Andrew had almost skived off work. He had been afraid that Howard might sack him on the spot for kissing his daughter-in-law, and was downright terrified that Miles Mollison might storm in, looking for him. At the same time, he was not so naive that he did not know that Samantha, who must, he thought ruthlessly, be well over forty, would figure as the villain of the piece. His defense was simple. "She was pissed and she grabbed me."
There was a tiny glimmer of pride in his embarrassment. He had been anxious to see Gaia; he wanted to tell her that a grown woman had pounced on him. He had hoped that they might laugh about it, the way that they laughed about Maureen, but that she might be secretly impressed; and also that in the course of laughing, he might find out exactly what she had done with Fats; how far she had let him go. He was prepared to forgive her. She had been pissed too. But she had not turned up.
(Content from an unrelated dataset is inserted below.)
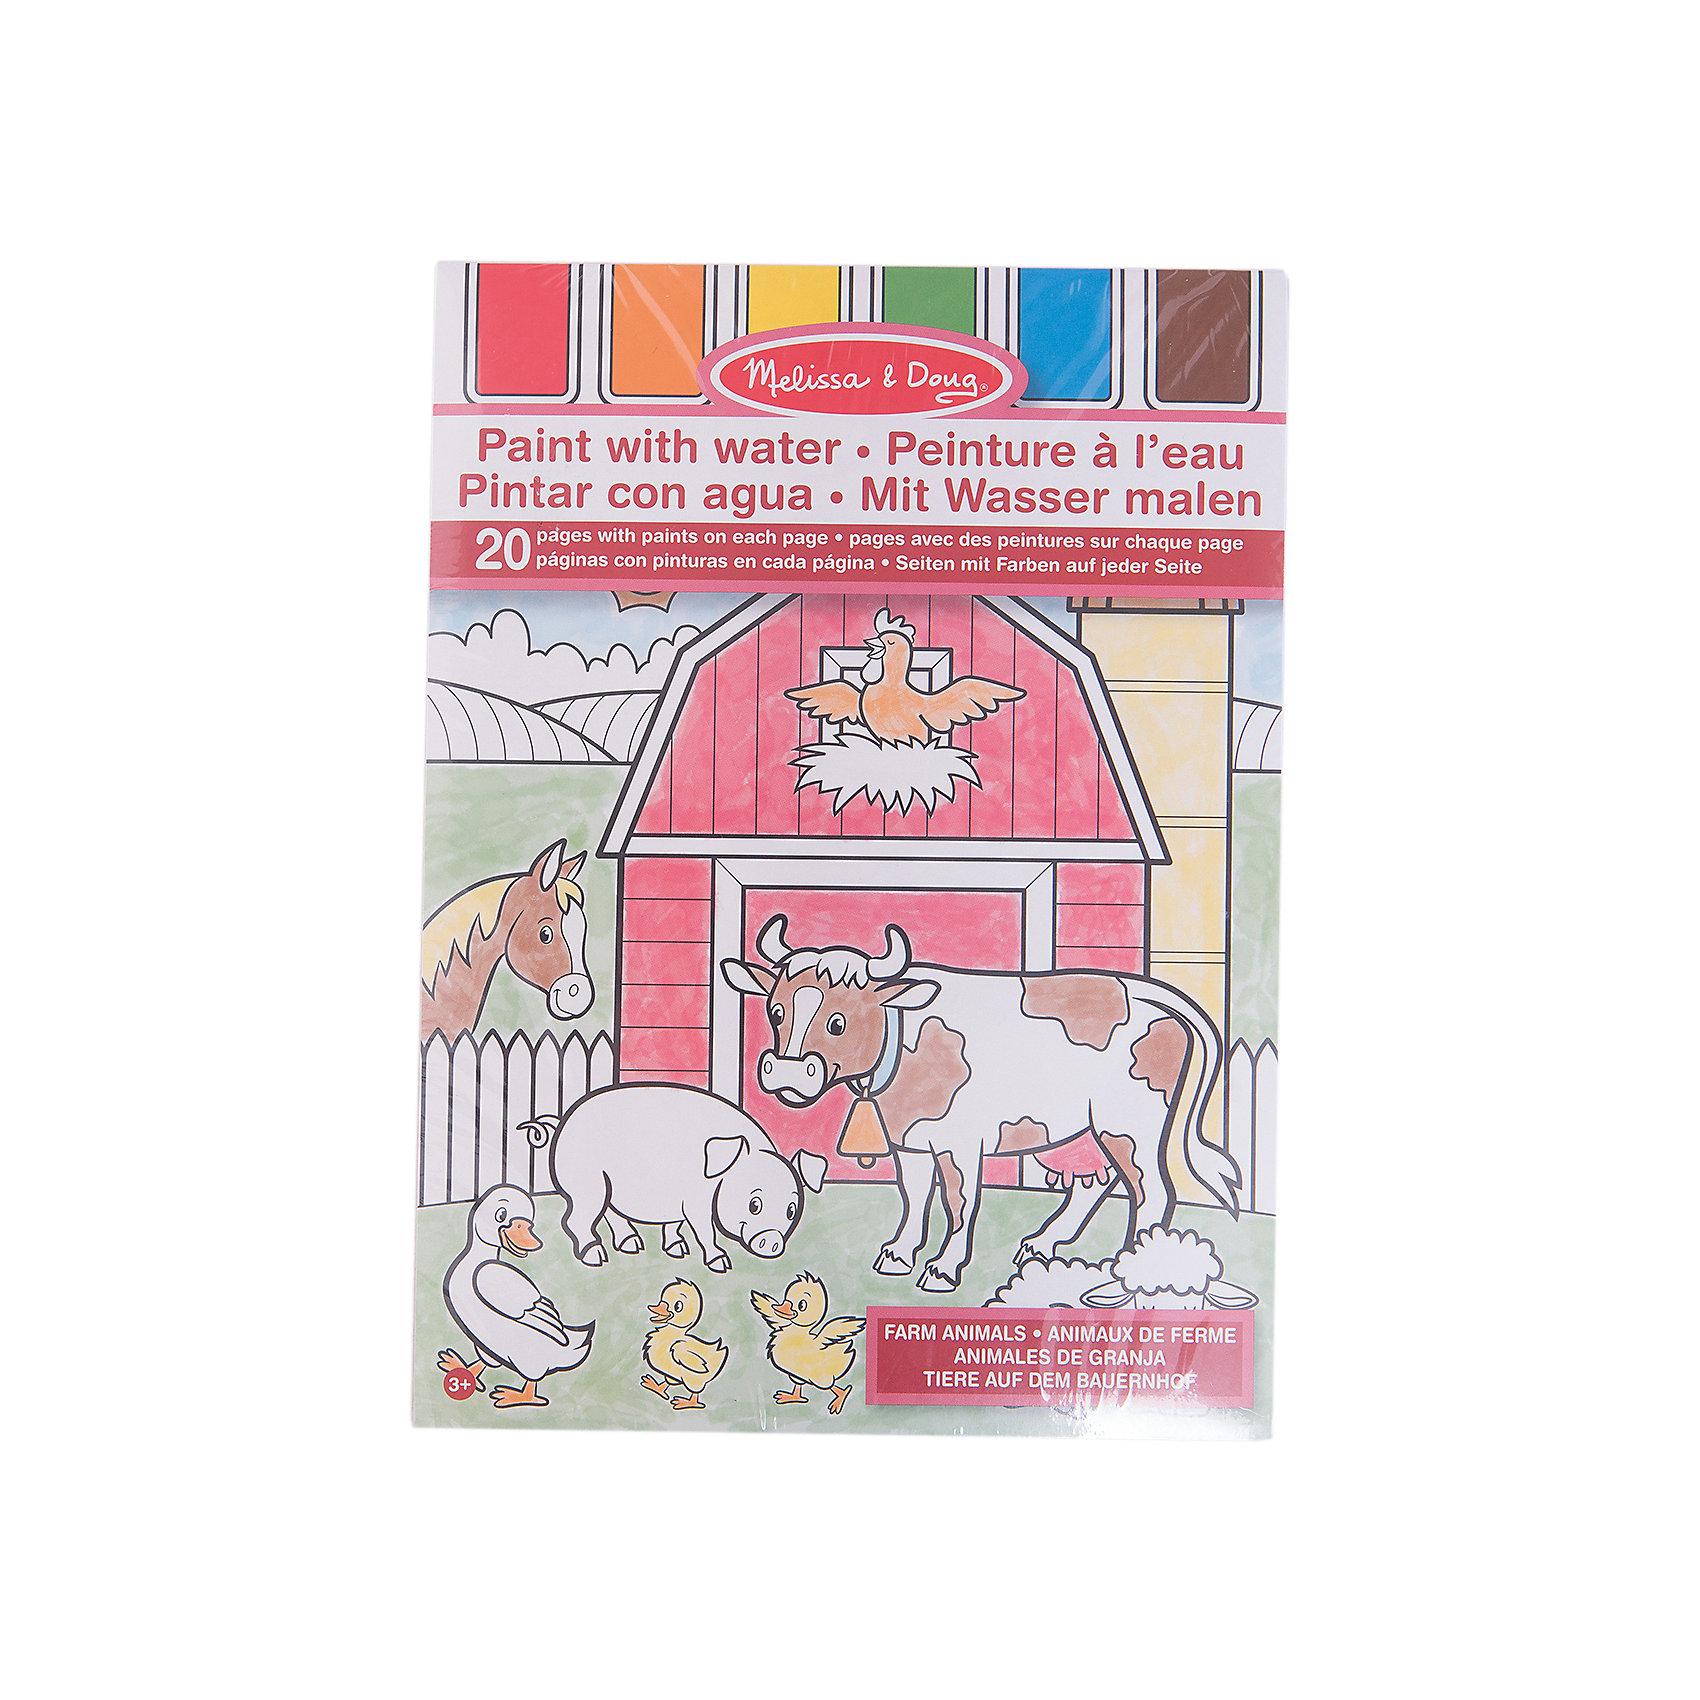 Рисуем водой Ферма, Melissa &amp; DougРисование<br>С необычным набором Рисуем водой Ферма, Melissa &amp; Doug (Мелисса и Даг) ребенок научится рисовать и познакомится с обитателями сельской местности. На 20 картинках, которые предстоит раскрасить ребенку, изображены обитатели фермы: курочка с цыплятками, корова с телёночком, лошадка с жеребёнком и многие другие. Вверху каждой страницы расположена цветовая палитра, на которую нужно добавить немного воды, и можно начинать творить кисточкой. По мере того, как рисунок-заготовка будет намокать, на нем будут проявляться разные цвета. Закончив рисунок, просушите его, отрежьте палитру с красками, и можно украсить рисунками свою комнату или подарить. Такой развивающий набор улучшает художественные и творческие навыки, помогает развивать мелкую моторику и готовит ребенка к письму.  <br><br>Комплектация: 20 страниц из плотной бумаги с рисунками, кисть<br><br>Дополнительная информация:<br>-Материал: картон, дерево, ПВХ<br>-Вес: 0,3 кг<br>-Размер раскраски: 29х21 см<br><br>Раскраску «Ферма» удобно брать в путешествия, чтобы ребенок мог весело проводить время и не пачкаться краской.<br><br>Рисуем водой Ферма, Melissa &amp; Doug (Мелисса и Даг) можно купить в нашем магазине.<br><br>Ширина мм: 210<br>Глубина мм: 210<br>Высота мм: 290<br>Вес г: 210<br>Возраст от месяцев: 36<br>Возраст до месяцев: 180<br>Пол: Унисекс<br>Возраст: Детский<br>SKU: 4008271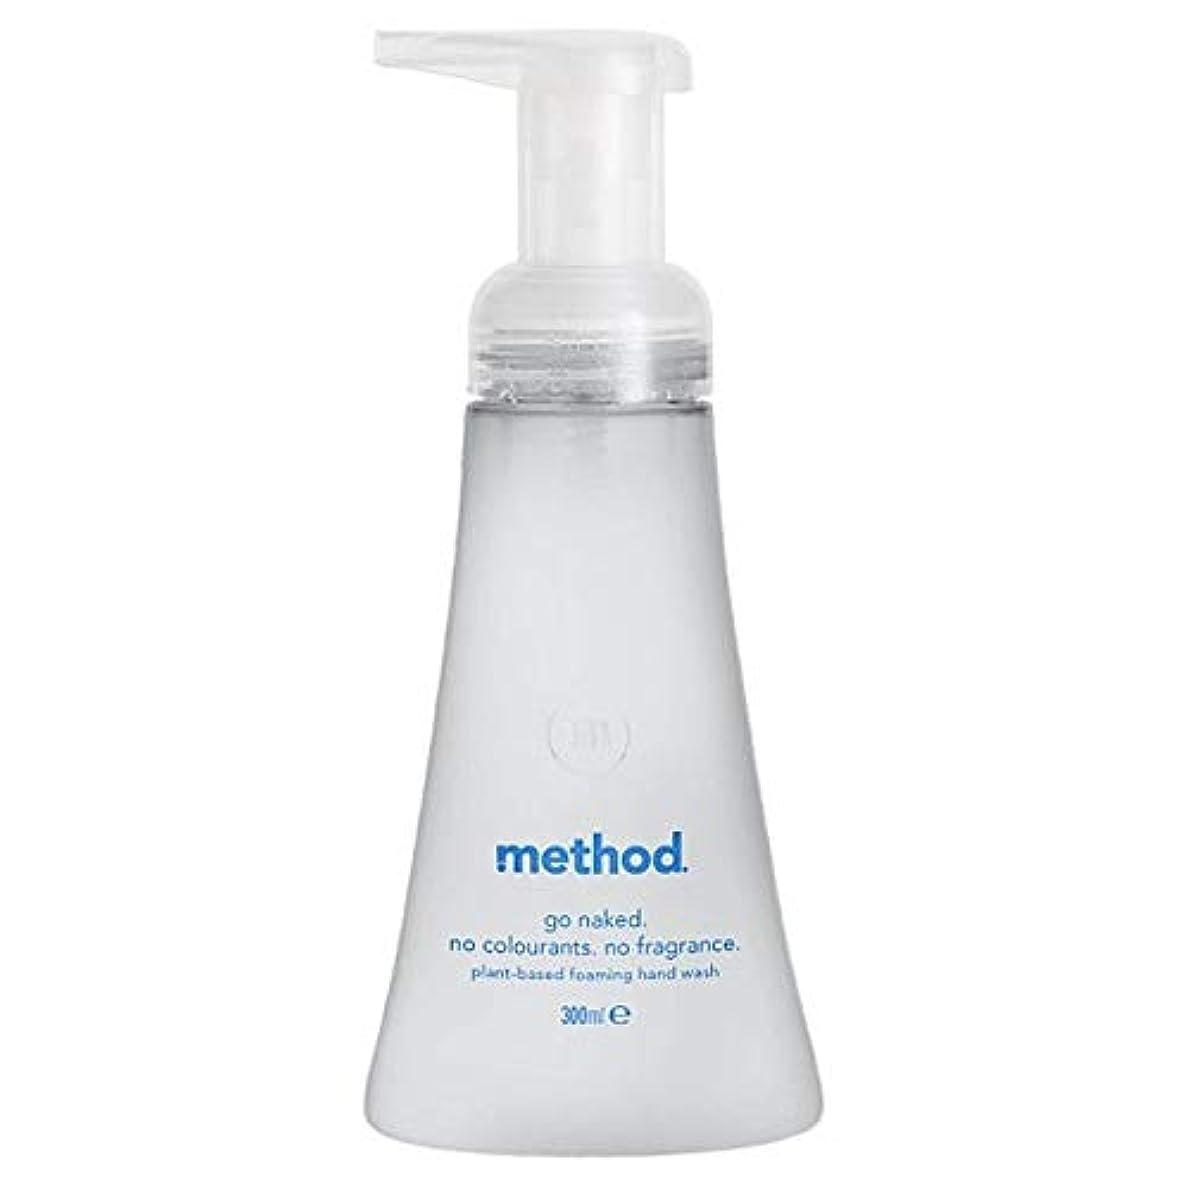 環境保護主義者件名学校[Method ] メソッド裸発泡手洗いの300ミリリットル - Method Naked Foaming Handwash 300Ml [並行輸入品]

He went to fetch a napkin for Lexie and almost collided with his boss's wife, who was standing behind the counter, holding his EpiPen.
"Howard wanted me to check something," Shirley told him. "And this needle shouldn't be kept in here. I'll put it in the back."
XII.
Halfway down his packet of Rolos, Robbie became extremely thirsty. Krystal had not bought him a drink. He climbed off the bench and crouched down in the warm grass, where he could still see her outline in the bushes with the stranger. After a while, he scrambled down the bank toward them.
"'M thirsty," he whined.
"Robbie, get out of it!" screamed Krystal. "Go an' sit on the bench!"
"Wanna drink!"
"Fuckin' - go an' wai' by the bench, an' I'll gerra drink in a minute! Go 'way, Robbie!"
Crying, he climbed back up the slippery bank to the bench. He was accustomed to not being given what he wanted, and disobedient by habit, because grown-ups were arbitrary in their wrath and their rules, so he had learned to seize his tiny pleasures wherever and whenever he could.
Angry at Krystal, he wandered a little way from the bench along the road. A man in sunglasses was walking along the pavement toward him.
(Gavin had forgotten where he had parked the car. He had marched out of Mary's and walked straight down Church Row, only realizing that he was heading in the wrong direction when he drew level with Miles and Samantha's house. Not wanting to pass the Fairbrothers' again, he had taken a circuitous route back to the bridge.
He saw the boy, chocolate-stained, ill-kempt and unappealing, and walked past, with his happiness in tatters, half wishing that he could have gone to Kay's house and been silently cradled...she had always been nicest to him when he was miserable, it was what had attracted him to her in the first place.) The rushing of the river increased Robbie's thirst. He cried a bit more as he changed direction and headed away from the bridge, back past the place where Krystal was hidden. The bushes had started shaking. He walked on, wanting a drink, then noticed a hole in a long hedge on the left of the road. When he drew level, he spotted a playing field beyond.